> **Task objective**
What you return should be the full listing, word for word, without a single image.

> **Material provided**
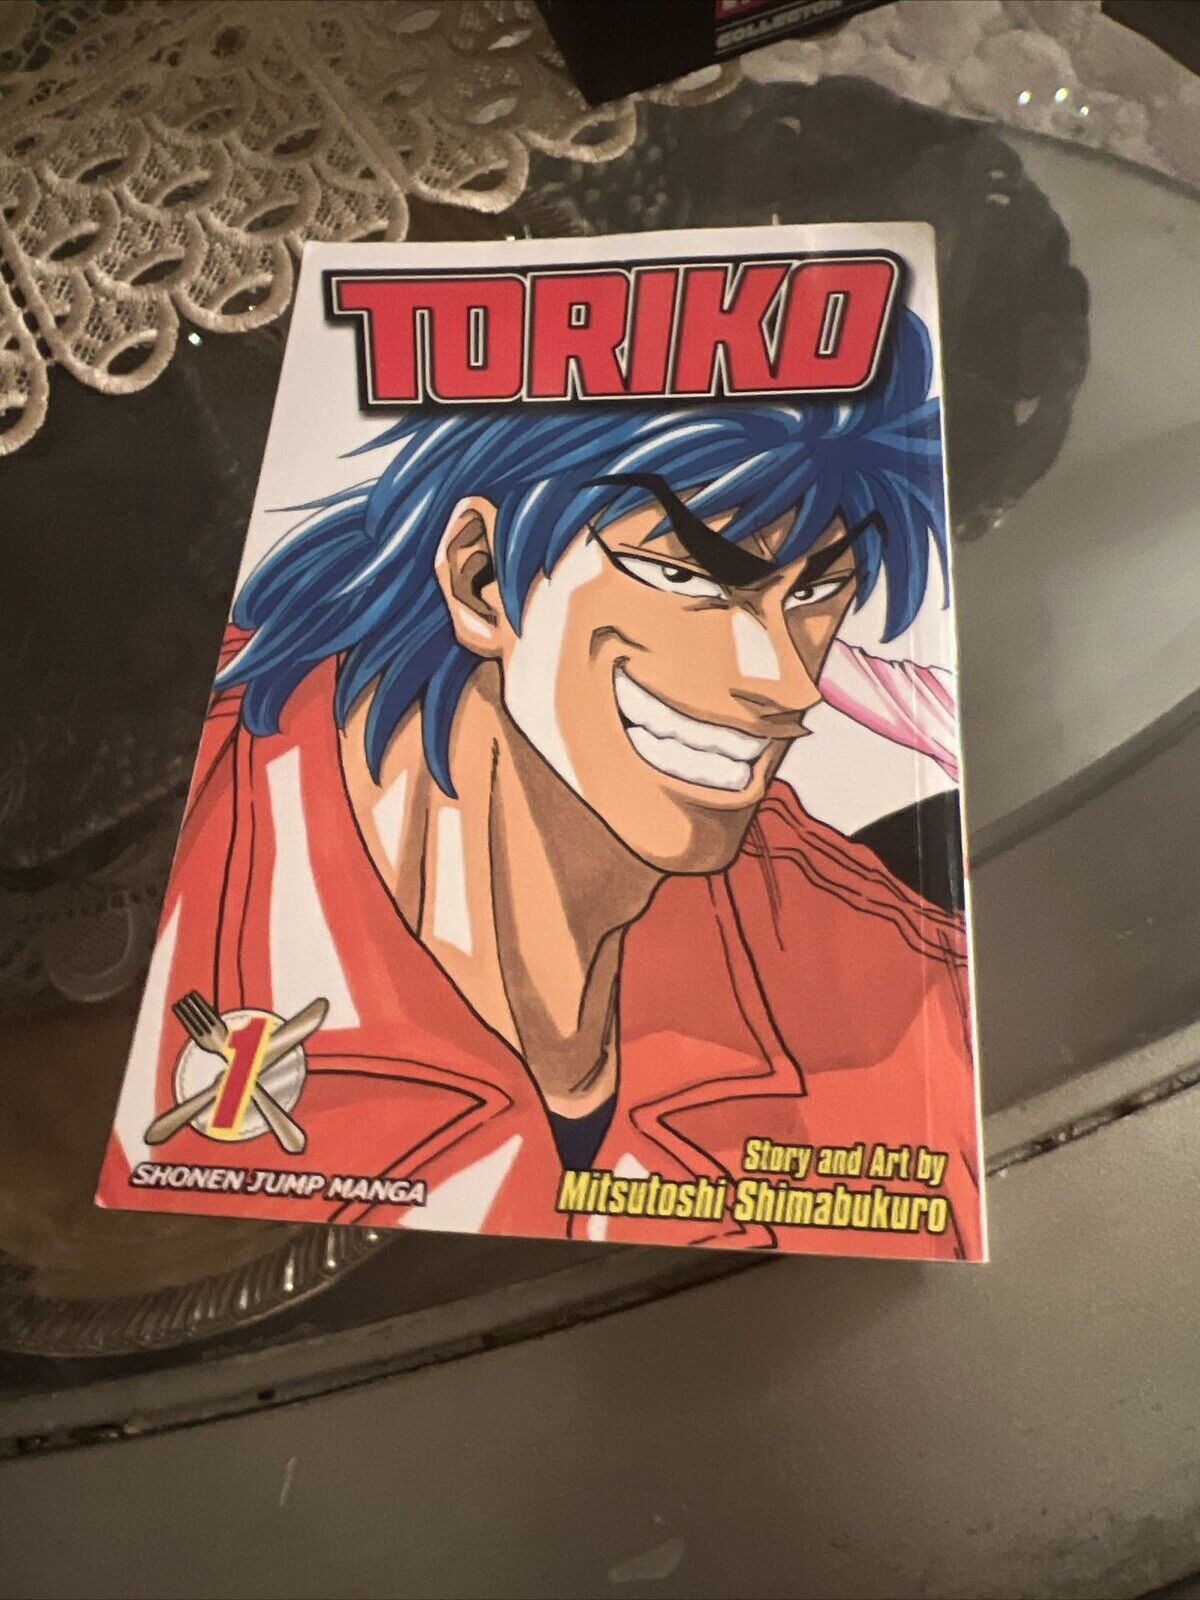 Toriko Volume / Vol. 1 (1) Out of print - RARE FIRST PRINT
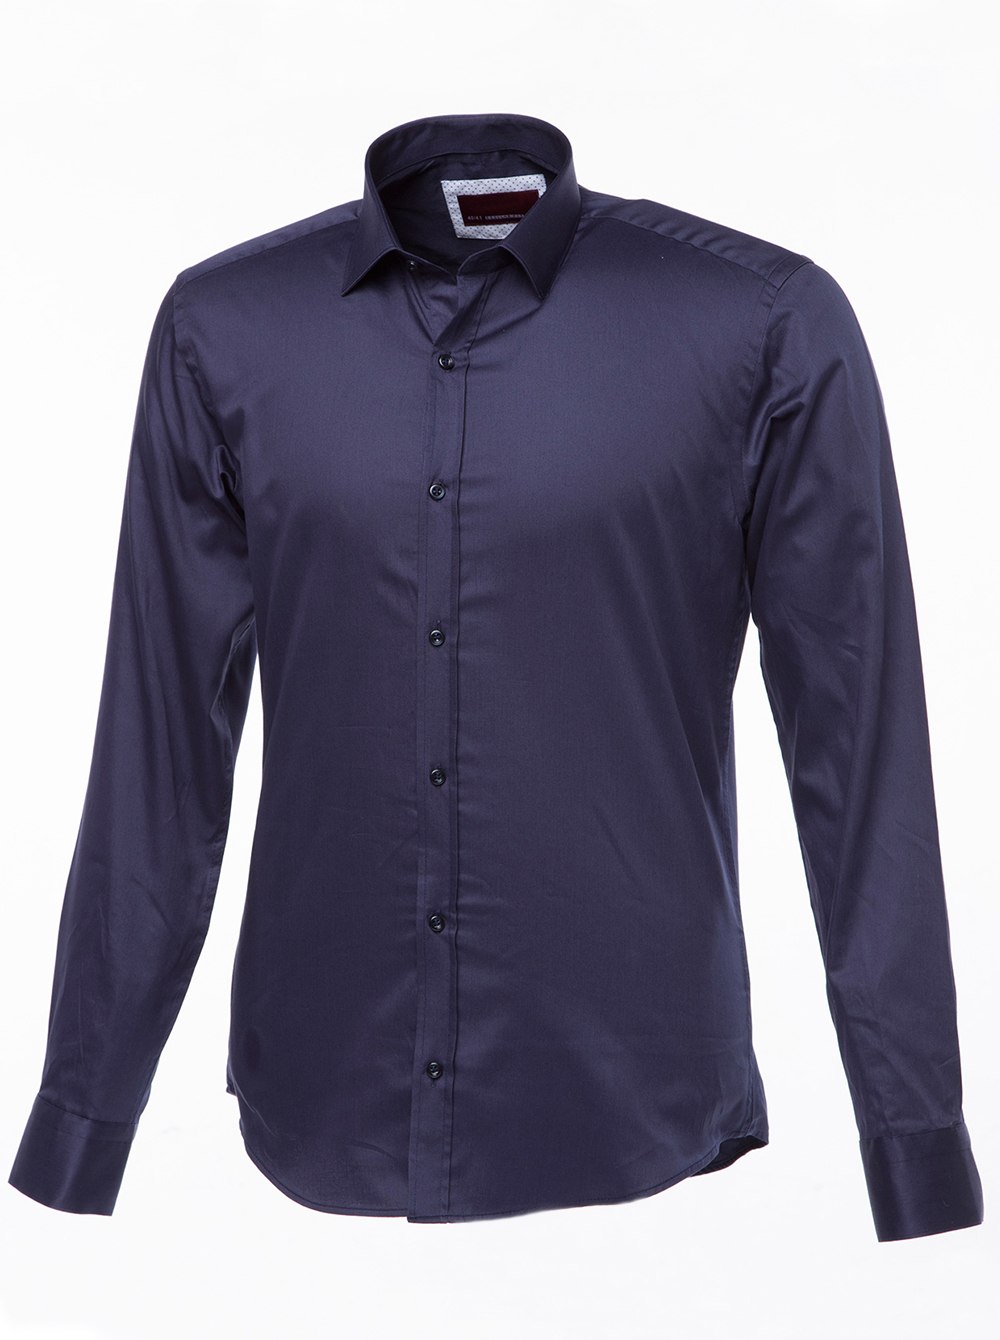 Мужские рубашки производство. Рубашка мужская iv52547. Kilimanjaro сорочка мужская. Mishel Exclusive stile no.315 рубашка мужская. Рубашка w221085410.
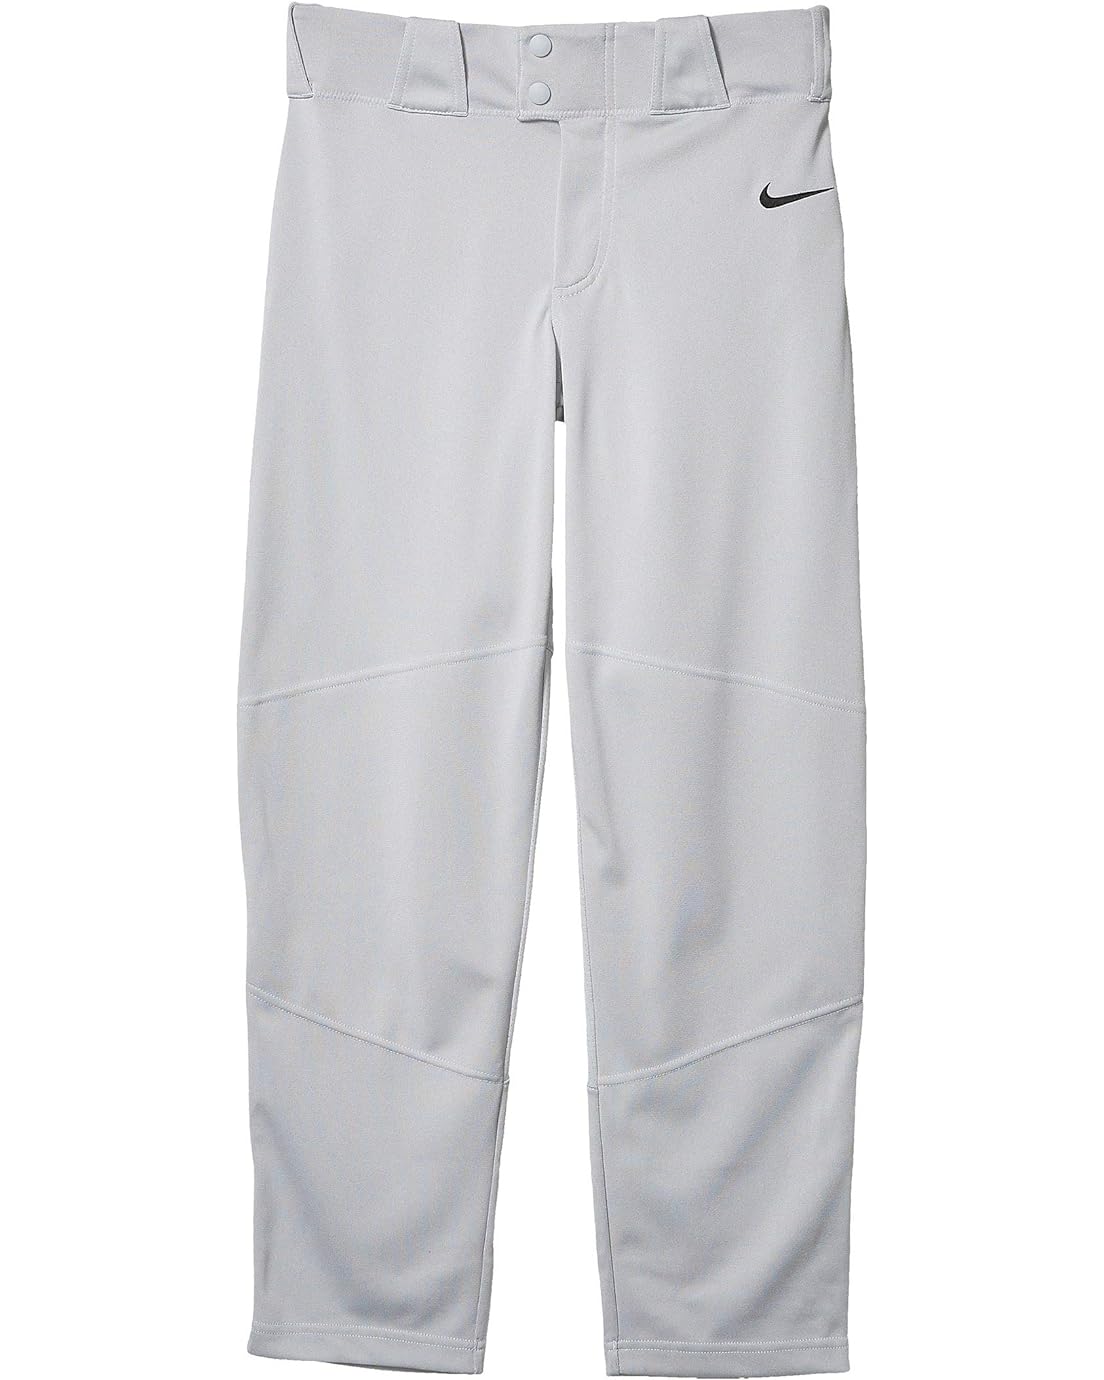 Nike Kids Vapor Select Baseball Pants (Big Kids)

> **Response below**
 Toriko Volume / Vol. 1 (1) Out of print - RARE FIRST PRINT
 Мужские рубашки производство. Рубашка мужская iv52547. Kilimanjaro сорочка мужская. Mishel Exclusive stile no.315 рубашка мужская. Рубашка w221085410.
 Nike Kids Vapor Select Baseball Pants (Big Kids)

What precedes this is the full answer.